- **Problem requirements**
Reproduce exactly, and only, the lines running from the start of the entries below to the line containing "E8-analu-black-ankle-boots-01".

- **Excerpted data**
§ §

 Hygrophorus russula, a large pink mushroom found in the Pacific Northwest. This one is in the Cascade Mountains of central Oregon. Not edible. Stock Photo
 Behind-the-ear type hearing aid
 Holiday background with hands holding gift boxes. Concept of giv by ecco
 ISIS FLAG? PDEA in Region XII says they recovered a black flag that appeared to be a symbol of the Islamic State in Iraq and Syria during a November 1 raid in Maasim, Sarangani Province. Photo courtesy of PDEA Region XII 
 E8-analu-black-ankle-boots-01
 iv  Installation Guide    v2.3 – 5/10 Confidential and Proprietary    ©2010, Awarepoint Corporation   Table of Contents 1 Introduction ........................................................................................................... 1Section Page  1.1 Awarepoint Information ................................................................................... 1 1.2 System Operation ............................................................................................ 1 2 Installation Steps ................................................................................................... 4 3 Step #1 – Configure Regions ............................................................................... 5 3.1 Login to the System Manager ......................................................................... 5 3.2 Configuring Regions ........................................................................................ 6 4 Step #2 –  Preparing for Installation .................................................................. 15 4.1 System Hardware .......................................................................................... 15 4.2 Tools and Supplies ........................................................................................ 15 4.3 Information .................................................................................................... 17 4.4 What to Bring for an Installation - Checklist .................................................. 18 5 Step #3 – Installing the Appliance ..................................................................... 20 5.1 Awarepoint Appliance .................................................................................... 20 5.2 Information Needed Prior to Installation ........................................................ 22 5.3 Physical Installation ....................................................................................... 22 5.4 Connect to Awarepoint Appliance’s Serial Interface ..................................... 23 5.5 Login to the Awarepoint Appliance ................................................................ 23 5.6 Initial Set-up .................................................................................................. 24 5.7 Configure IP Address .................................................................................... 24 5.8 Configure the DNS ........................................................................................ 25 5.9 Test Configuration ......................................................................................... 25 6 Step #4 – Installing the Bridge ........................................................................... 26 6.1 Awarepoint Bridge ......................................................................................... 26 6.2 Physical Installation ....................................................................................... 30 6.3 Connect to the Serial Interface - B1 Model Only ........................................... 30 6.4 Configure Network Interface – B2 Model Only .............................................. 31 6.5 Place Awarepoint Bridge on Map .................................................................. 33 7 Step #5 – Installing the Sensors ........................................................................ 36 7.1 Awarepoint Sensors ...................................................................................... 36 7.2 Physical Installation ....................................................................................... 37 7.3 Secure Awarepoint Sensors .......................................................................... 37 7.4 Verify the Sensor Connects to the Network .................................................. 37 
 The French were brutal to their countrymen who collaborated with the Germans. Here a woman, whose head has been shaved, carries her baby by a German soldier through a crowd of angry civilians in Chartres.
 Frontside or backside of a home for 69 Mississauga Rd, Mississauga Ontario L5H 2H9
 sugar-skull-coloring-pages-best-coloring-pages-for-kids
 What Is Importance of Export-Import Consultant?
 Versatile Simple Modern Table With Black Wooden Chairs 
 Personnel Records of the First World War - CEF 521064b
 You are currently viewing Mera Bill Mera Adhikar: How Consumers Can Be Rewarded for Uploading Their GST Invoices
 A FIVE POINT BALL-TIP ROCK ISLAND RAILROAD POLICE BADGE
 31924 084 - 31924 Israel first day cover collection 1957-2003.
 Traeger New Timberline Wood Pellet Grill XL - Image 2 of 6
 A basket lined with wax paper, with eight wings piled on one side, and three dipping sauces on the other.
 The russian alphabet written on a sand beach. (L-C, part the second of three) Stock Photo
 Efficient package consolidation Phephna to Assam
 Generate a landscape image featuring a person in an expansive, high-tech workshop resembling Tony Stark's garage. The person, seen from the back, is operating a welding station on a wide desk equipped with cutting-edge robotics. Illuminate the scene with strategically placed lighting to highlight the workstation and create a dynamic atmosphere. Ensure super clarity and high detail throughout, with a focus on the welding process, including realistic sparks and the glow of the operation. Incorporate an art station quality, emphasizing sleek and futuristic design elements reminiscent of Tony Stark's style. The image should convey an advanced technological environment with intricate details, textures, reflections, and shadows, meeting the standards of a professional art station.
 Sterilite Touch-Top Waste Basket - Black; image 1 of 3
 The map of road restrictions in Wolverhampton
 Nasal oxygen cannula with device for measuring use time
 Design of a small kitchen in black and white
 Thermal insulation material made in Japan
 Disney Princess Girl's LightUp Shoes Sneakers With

§ §

- **Expected answer**
 Hygrophorus russula, a large pink mushroom found in the Pacific Northwest. This one is in the Cascade Mountains of central Oregon. Not edible. Stock Photo
 Behind-the-ear type hearing aid
 Holiday background with hands holding gift boxes. Concept of giv by ecco
 ISIS FLAG? PDEA in Region XII says they recovered a black flag that appeared to be a symbol of the Islamic State in Iraq and Syria during a November 1 raid in Maasim, Sarangani Province. Photo courtesy of PDEA Region XII 
 E8-analu-black-ankle-boots-01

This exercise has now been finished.